How has the code to be modified to harvest the power of cython?

 @cython.boundscheck(False)
 @cython.wraparound(False)
 def u_update(V, C, train, I_k, lambda_u, user, hidden):
    cdef int user_size = user
    cdef int hidden_dim = hidden
    cdef np.ndarray U = np.empty((hidden_dim,user_size), float)
    cdef int m = C.shape[1]

    for i in range(user_size):
        C_i = np.zeros((m, m), dtype=float)
        for j in range(m):
            C_i[j,j]=C[i,j]

        U[:,i] = np.dot(np.linalg.inv(np.dot(V, np.dot(C_i,V.T)) + lambda_u*I_k), np.dot(V, np.dot(C_i,train[i,:].T)))

    return U

To my opinion, not sure you can improve execution speed since you mainly use `numpy` in this code which is already compiled/optimized. Have you profiled your code? — Laurent LAPORTE, Sep 28 '16 at 11:23
That `U` expression is too complex for `cython` to speed up. The `C_i` can be done with a `diagonal` function. — hpaulj, Sep 28 '16 at 11:28
`user_size` is around 1000. No, I haven't profiled the code yet. I was first using the `np.diag` function to compute `C_i` but had hoped it would be faster with parallelized loop.

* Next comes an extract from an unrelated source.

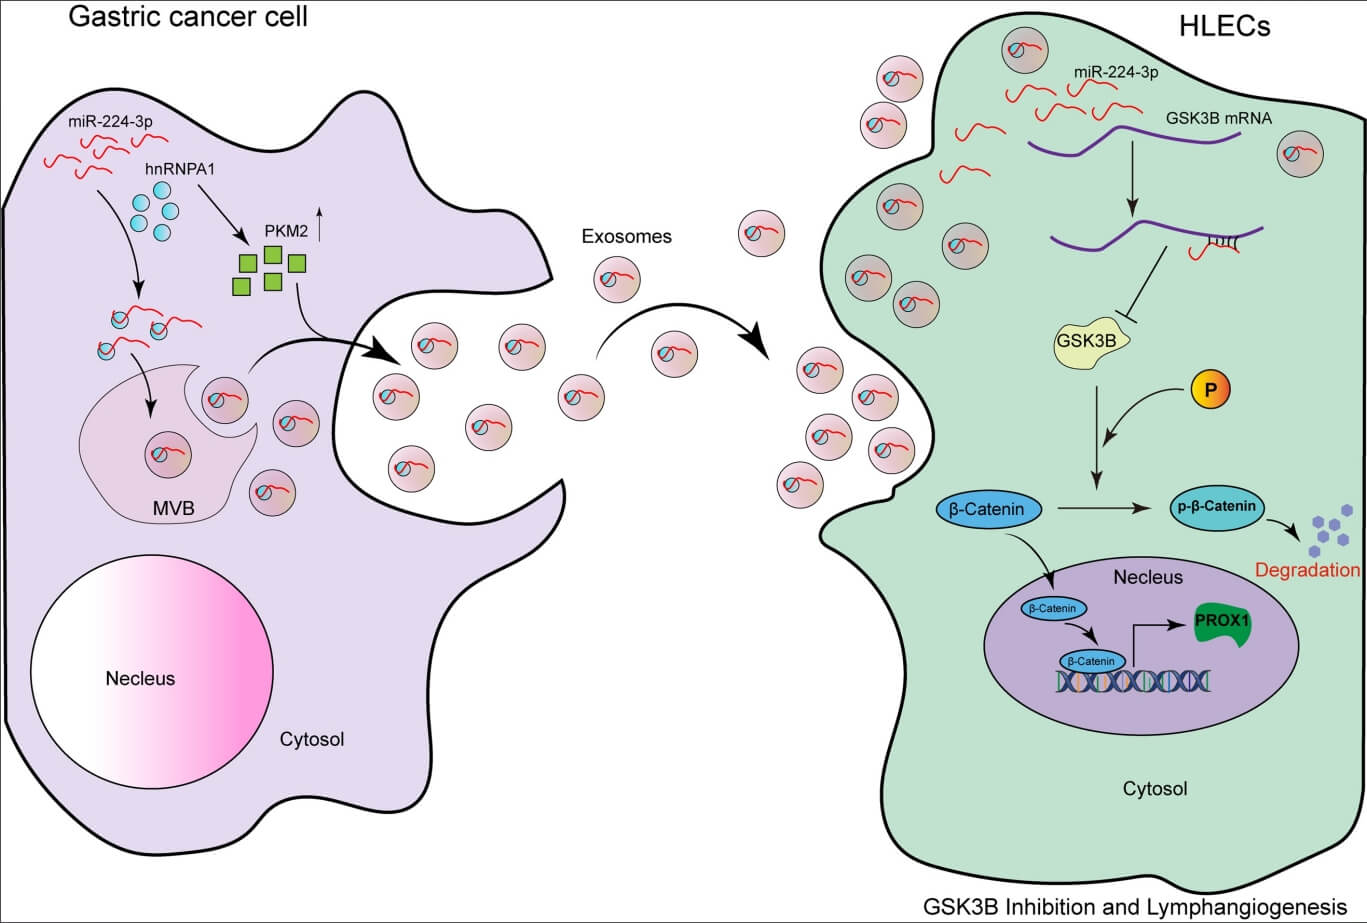 Exosomal miR-224-3p promotes lymphangiogenesis and lymph node metastasis by targeting GSK3B in gastric cancer

So to speed it up I would have to rewrite the calculation of `U`? — саша, Sep 28 '16 at 11:36
This can be speedup by generalized ufunc `numpy.linalg.solve`. `dot(inv(A), B)` can be calculated by `solve(A, B)`. and dot with diagonal matrix can be replaced by multiple broadcast. If you give some test data, I can show you how to do this. — HYRY, Sep 28 '16 at 12:13
**Never, ever** use `inv` in a production code. Use either `solve` or `lstsq` — percusse, Sep 28 '16 at 19:41

hpaulj · Accepted Answer · 2016-09-28T19:30:41.610

You are trying to use cython by diving into the deep end of pool. You should start with something small, such as some of the numpy examples. Or even try to improve on np.diag.

    i = 0
    C_i = np.zeros((m, m), dtype=float)
    for j in range(m):
        C_i[j,j]=C[i,j]

v.

    C_i = diag(C[i,:])

Can you improve the speed of this simple expression? diag is not compiled, but it does perform an efficient indexed assignment.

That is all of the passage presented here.